913. Cat and Mouse

Problem

A game on an undirected graph is played by two players, Mouse and Cat, who alternate turns.

The graph is given as follows: graph[a] is a list of all nodes b such that ab is an edge of the graph.

The mouse starts at node 1 and goes first, the cat starts at node 2 and goes second, and there is a hole at node 0.

During each player's turn, they must travel along one edge of the graph that meets where they are.  For example, if the Mouse is at node 1, it must travel to any node in graph[1].

Additionally, it is not allowed for the Cat to travel to the Hole (node 0.)

Then, the game can end in three ways:

• If ever the Cat occupies the same node as the Mouse, the Cat wins.

• If ever the Mouse reaches the Hole, the Mouse wins.

• If ever a position is repeated (i.e., the players are in the same position as a previous turn, and it is the same player's turn to move), the game is a draw.

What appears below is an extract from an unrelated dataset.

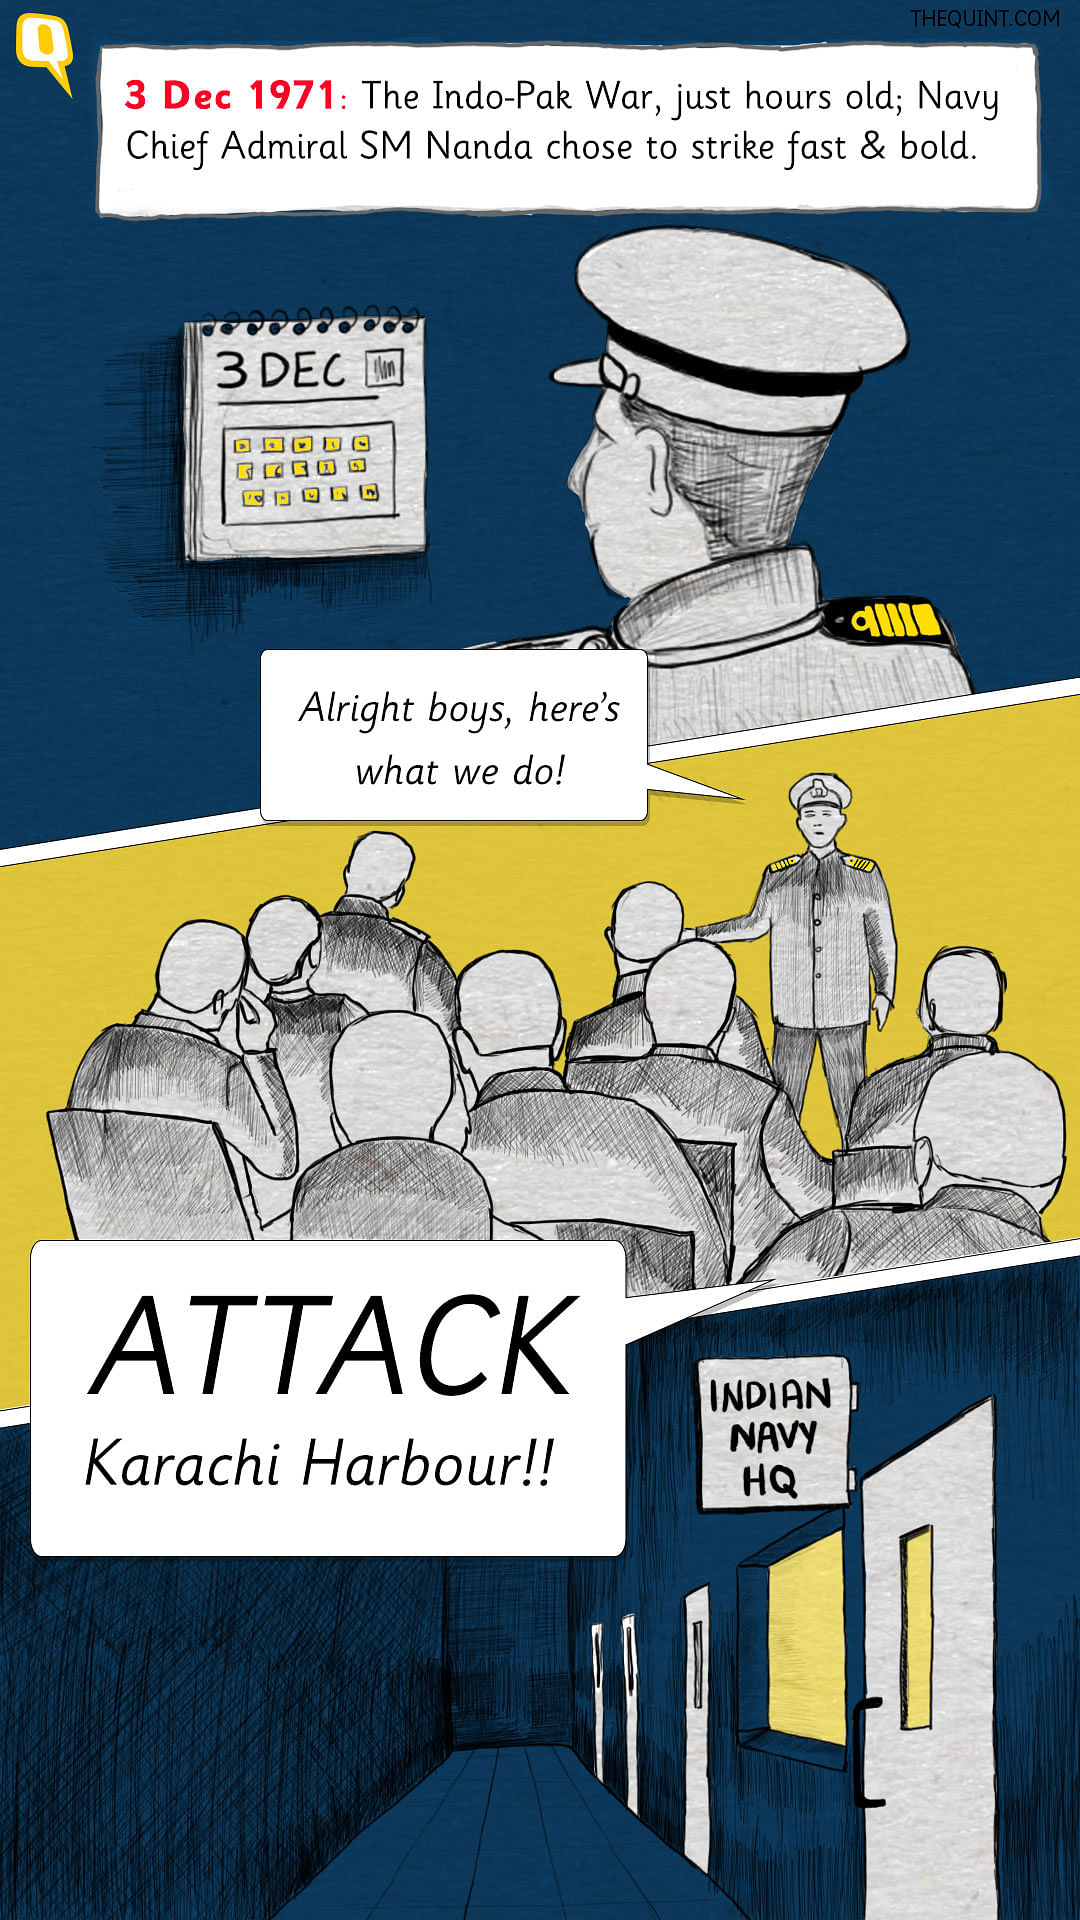 The Day India Bombed Karachi: Why We Celebrate 4 Dec as Navy Day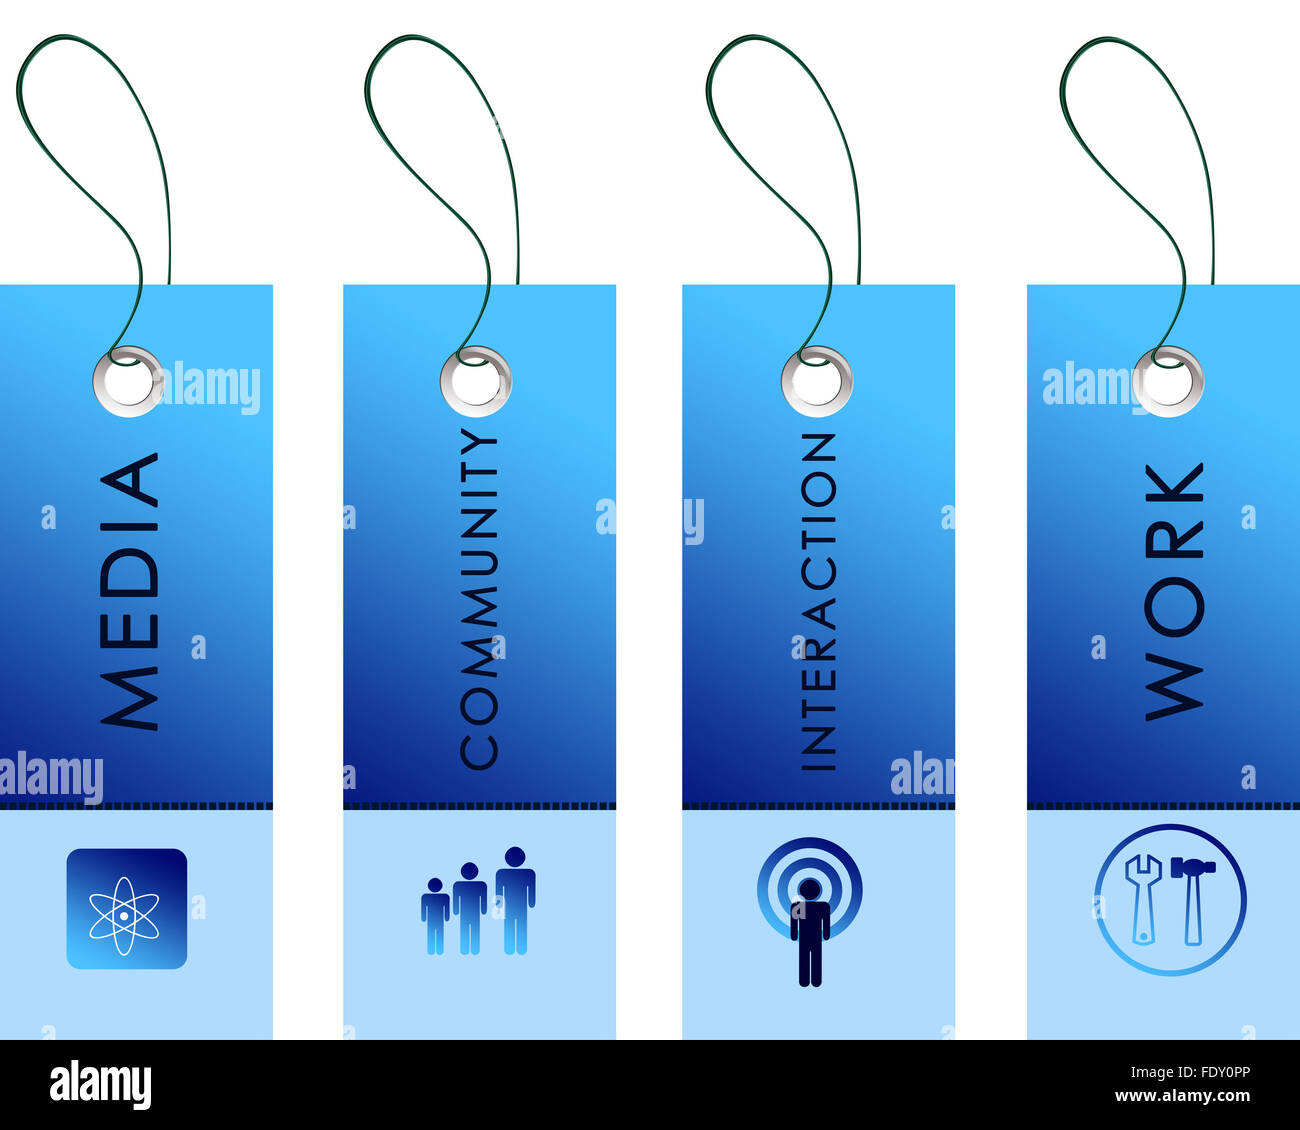 blue labels with communication terms on them Stock Photo

Given a graph, and assuming both players play optimally, return

• 1 if the mouse wins the game,

• 2 if the cat wins the game, or

• 0 if the game is a draw.

  Example 1:

Input: graph = [[2,5],[3],[0,4,5],[1,4,5],[2,3],[0,2,3]]
Output: 0

Example 2:

Input: graph = [[1,3],[0],[3],[0,2]]
Output: 1

  Constraints:

• 3 <= graph.length <= 50

• 1&nbsp;<= graph[i].length < graph.length

• 0 <= graph[i][j] < graph.length

• graph[i][j] != i

• graph[i] is unique.

• The mouse and the cat can always move. 

Solution

class Solution {
    private static final int DRAW = 0;
    private static final int MOUSE_WIN = 1;
    private static final int CAT_WIN = 2;
    private static final int MOUSE = 0;
    private static final int CAT = 1;

    public int catMouseGame(int[][] graph) {
        int n = graph.length;
        int[][][] states = new int[n][n][2];
        int[][][] degree = new int[n][n][2];
        for (int m = 0; m < n; ++m) {
            for (int c = 0; c < n; ++c) {
                degree[m][c][MOUSE] = graph[m].length;
                degree[m][c][CAT] = graph[c].length;
                for (int node : graph[c]) {
                    if (node == 0) {
                        --degree[m][c][CAT];
                        break;
                    }
                }
            }
        }
        Queue<int[]> q = new LinkedList<>();
        for (int i = 1; i < n; ++i) {
            states[0][i][MOUSE] = MOUSE_WIN;
            states[0][i][CAT] = MOUSE_WIN;
            states[i][i][MOUSE] = CAT_WIN;
            states[i][i][CAT] = CAT_WIN;
            q.offer(new int[] {0, i, MOUSE, MOUSE_WIN});
            q.offer(new int[] {i, i, MOUSE, CAT_WIN});
            q.offer(new int[] {0, i, CAT, MOUSE_WIN});
            q.offer(new int[] {i, i, CAT, CAT_WIN});
        }
        while (!q.isEmpty()) {
            int[] state = q.poll();
            int mouse = state[0];
            int cat = state[1];
            int turn = state[2];
            int result = state[3];
            if (mouse == 1 && cat == 2 && turn == MOUSE) {
                return result;
            }
            int prevTurn = 1 - turn;
            for (int prev : graph[prevTurn == MOUSE ? mouse : cat]) {
                int prevMouse = prevTurn == MOUSE ? prev : mouse;
                int prevCat = prevTurn == CAT ? prev : cat;
                if (prevCat != 0
                        && states[prevMouse][prevCat][prevTurn] == DRAW
                        && (prevTurn == MOUSE && result == MOUSE_WIN
                                || prevTurn == CAT && result == CAT_WIN
                                || --degree[prevMouse][prevCat][prevTurn] == 0)) {
                    states[prevMouse][prevCat][prevTurn] = result;
                    q.offer(new int[] {prevMouse, prevCat, prevTurn, result});
                }
            }
        }
        return DRAW;
    }
}

Explain:

nope.

Complexity:

• Time complexity : O(n).
• Space complexity : O(n).